PROBLEM TO WORK ON:
Copy the data exactly. Images are the one exception.

PROVIDED DATA:

■ ■ ■ ■

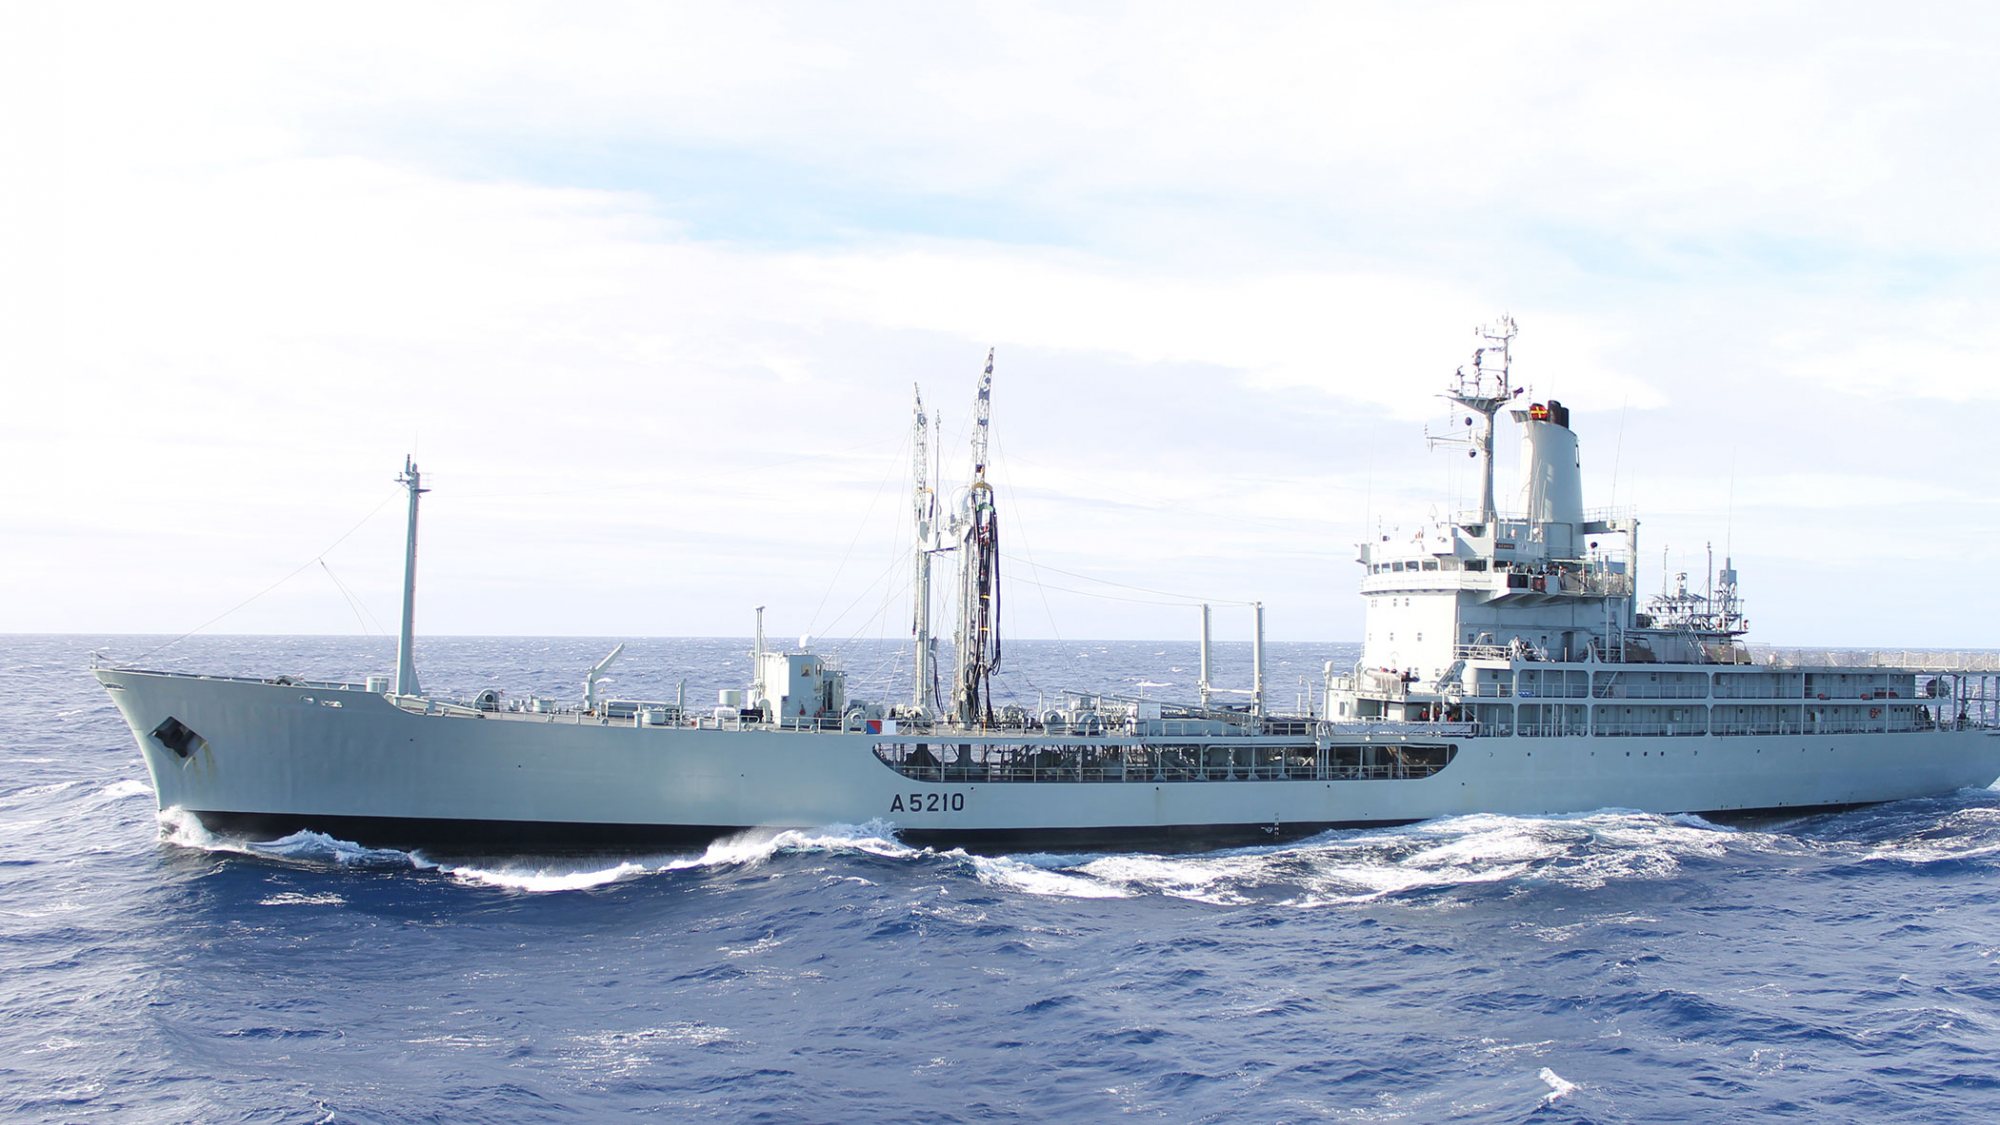 O navio reabastecedor Bérrio, o único ao serviço da Marinha portuguesa, foi mandado abater em janeiro de 2020 pelo anterior Chefe do Estado-Maior da Armada
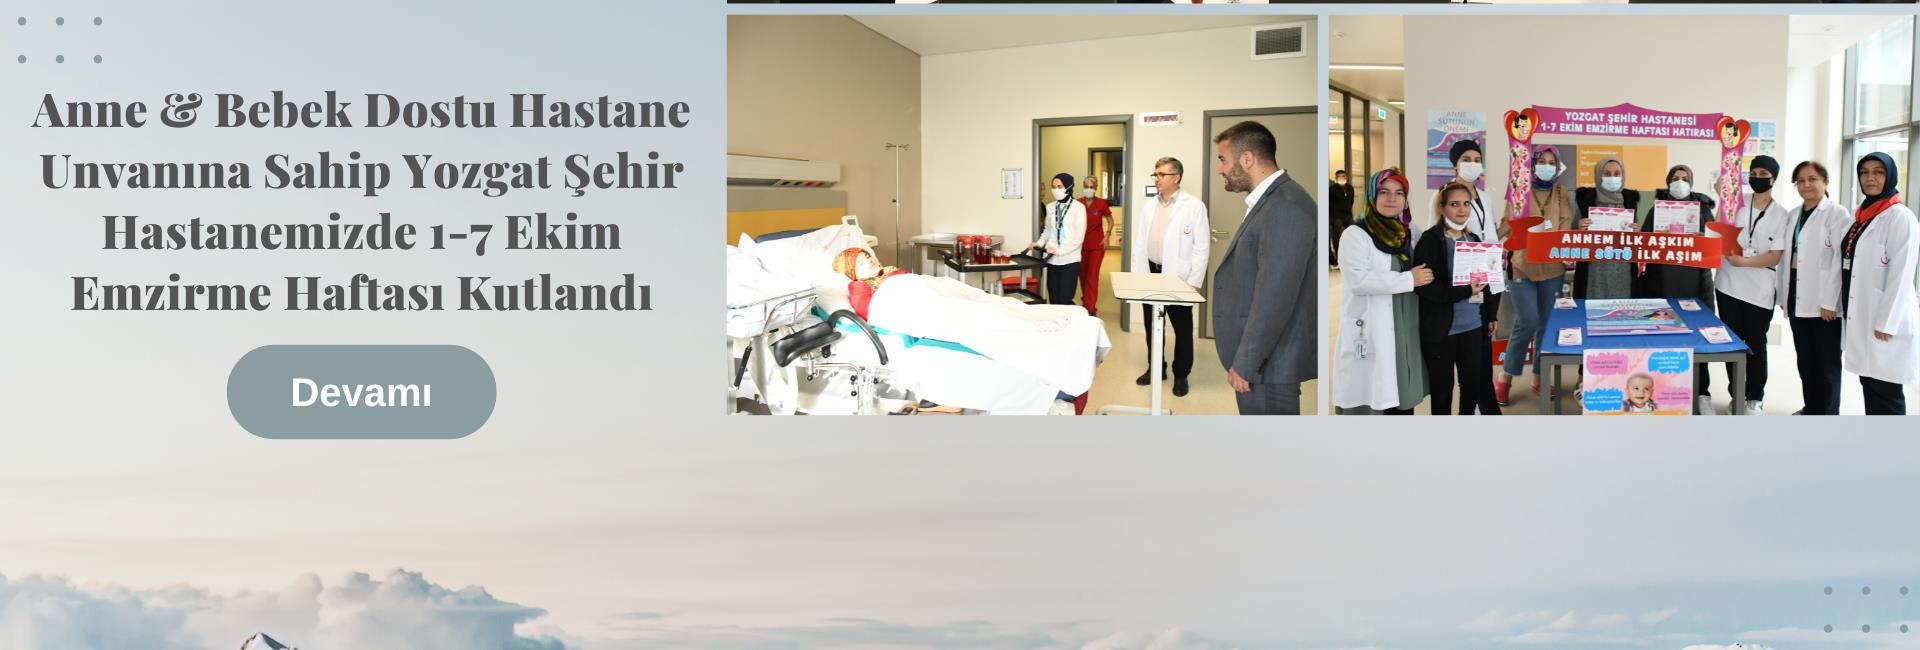 Anne & Bebek Dostu Hastane unvanına sahip Yozgat Şehir Hastanemizde 1-7 Ekim Emzirme Haftası Kutlandı.
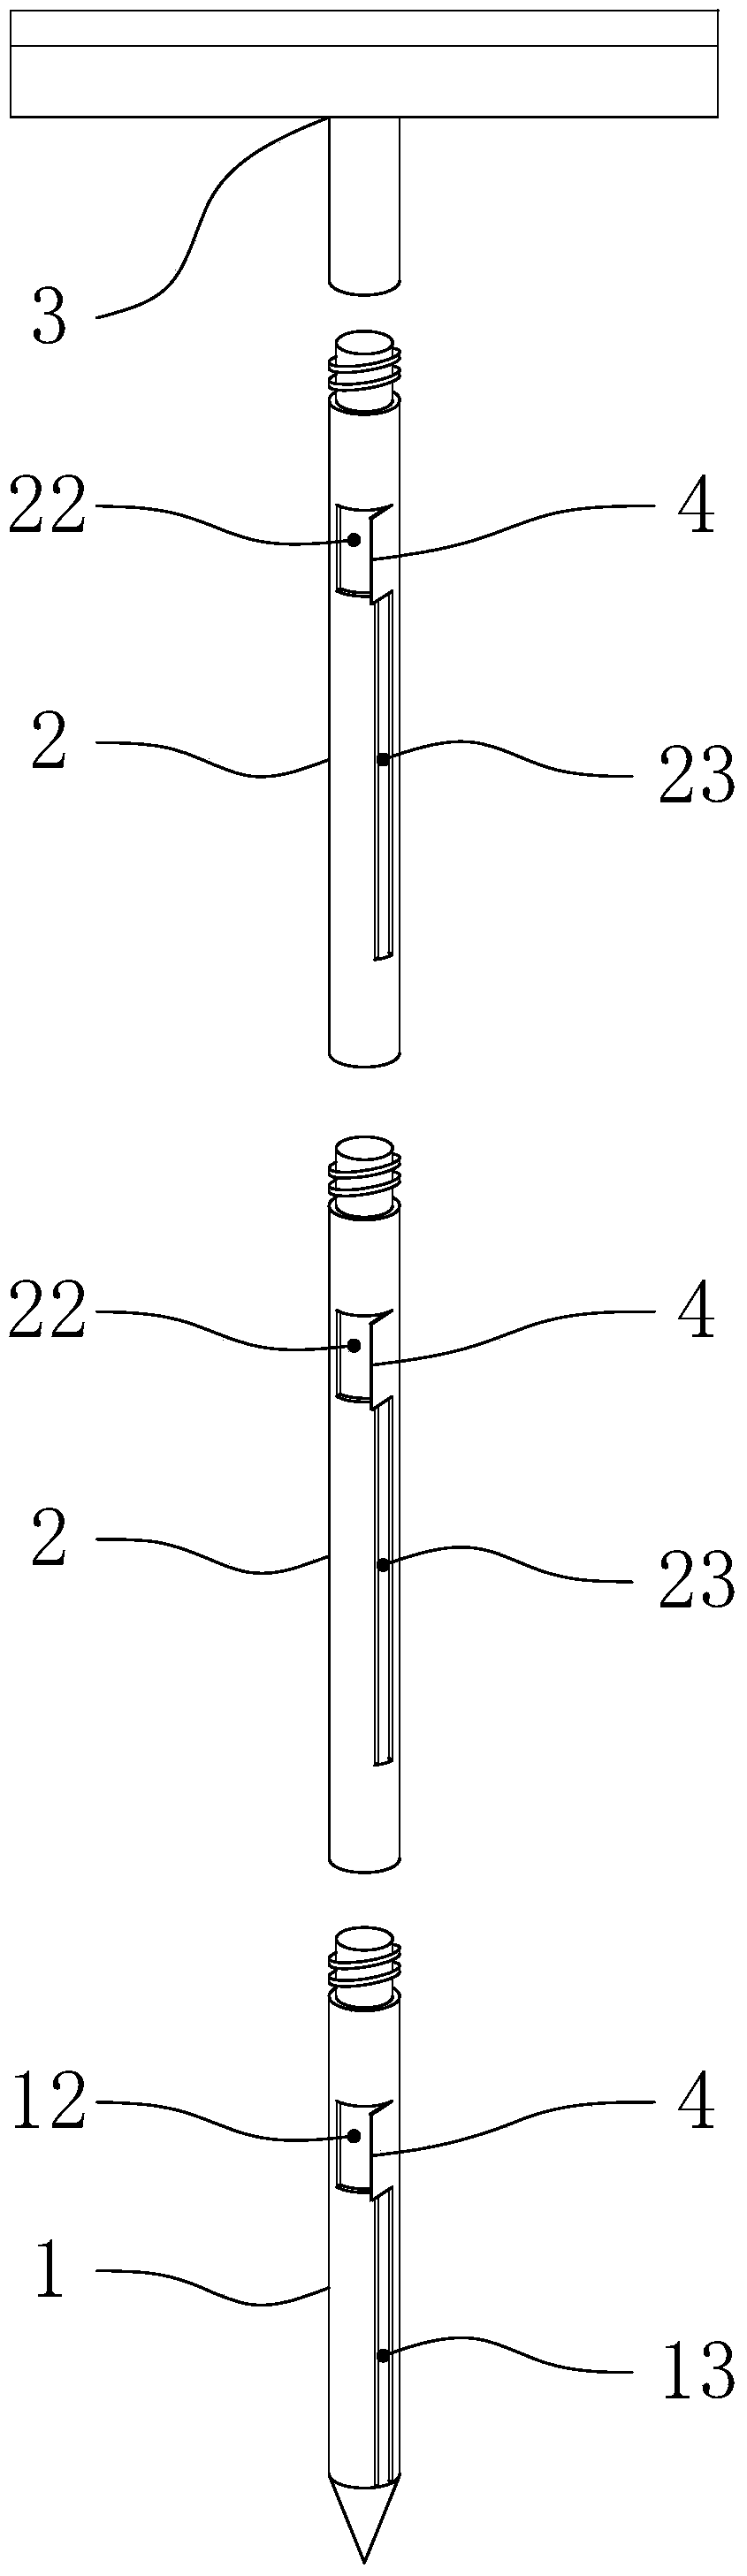 Multi-point distiller's grain sampler and sampling method
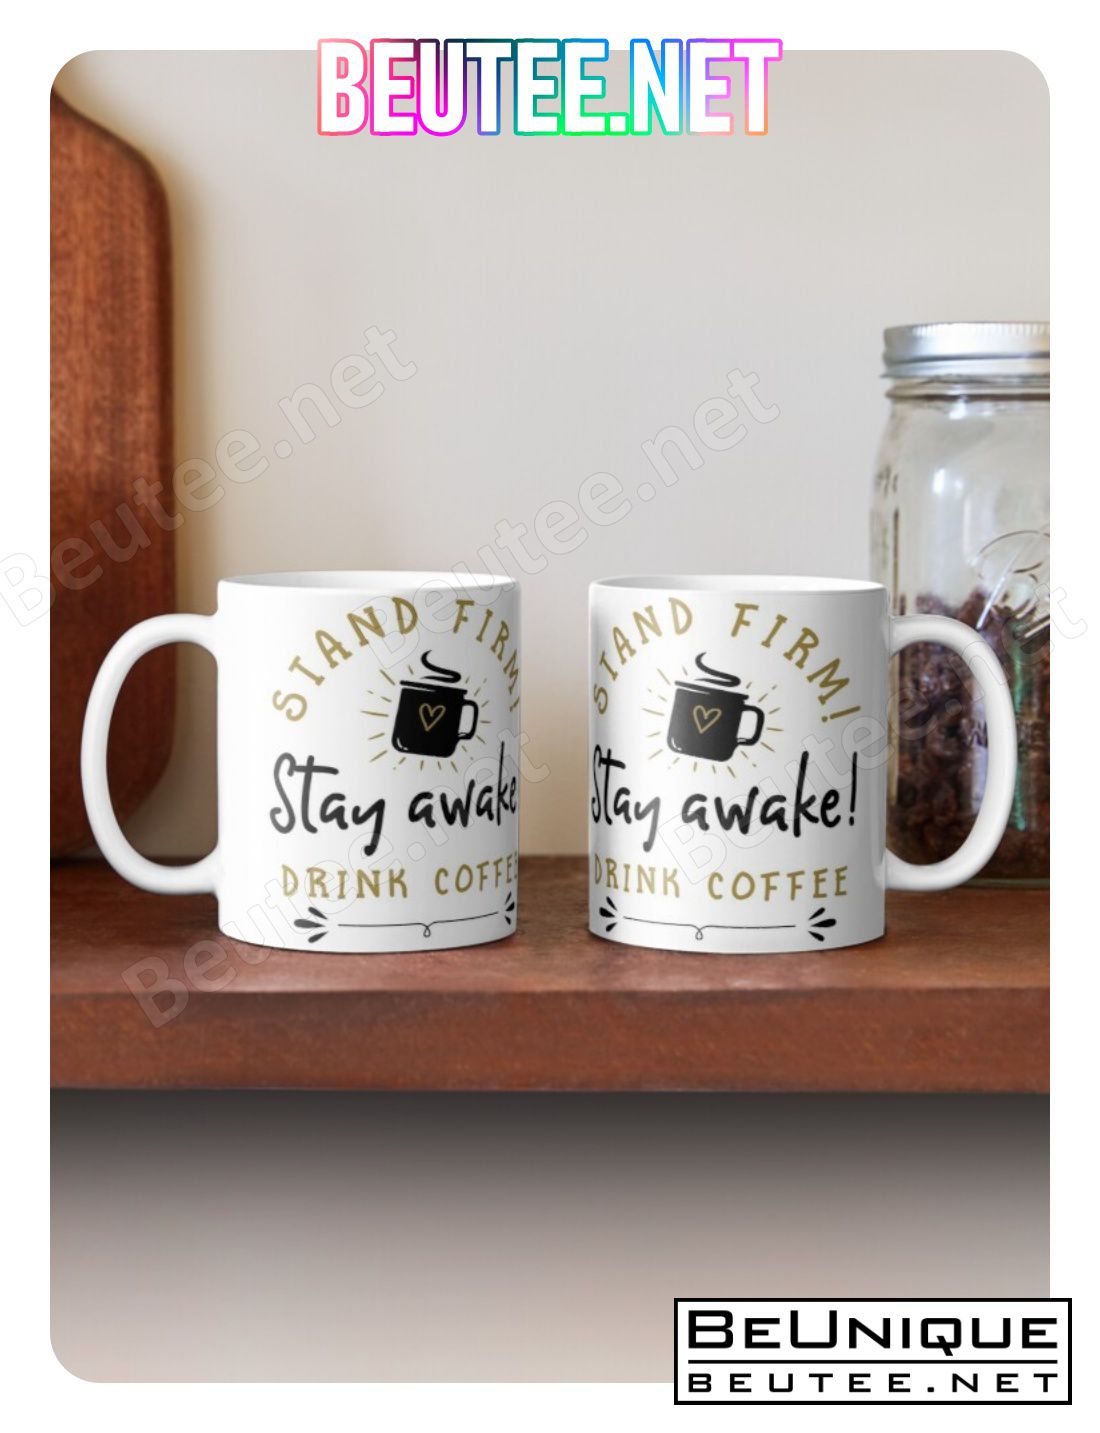 Stand Firm! Stay Awake! Drink Coffee Coffee Mug

■ ■ ■ ■

YOUR RESPONSE:
 O navio reabastecedor Bérrio, o único ao serviço da Marinha portuguesa, foi mandado abater em janeiro de 2020 pelo anterior Chefe do Estado-Maior da Armada
 Anne & Bebek Dostu Hastane unvanına sahip Yozgat Şehir Hastanemizde 1-7 Ekim Emzirme Haftası Kutlandı.
 Multi-point distiller's grain sampler and sampling method
 Stand Firm! Stay Awake! Drink Coffee Coffee Mug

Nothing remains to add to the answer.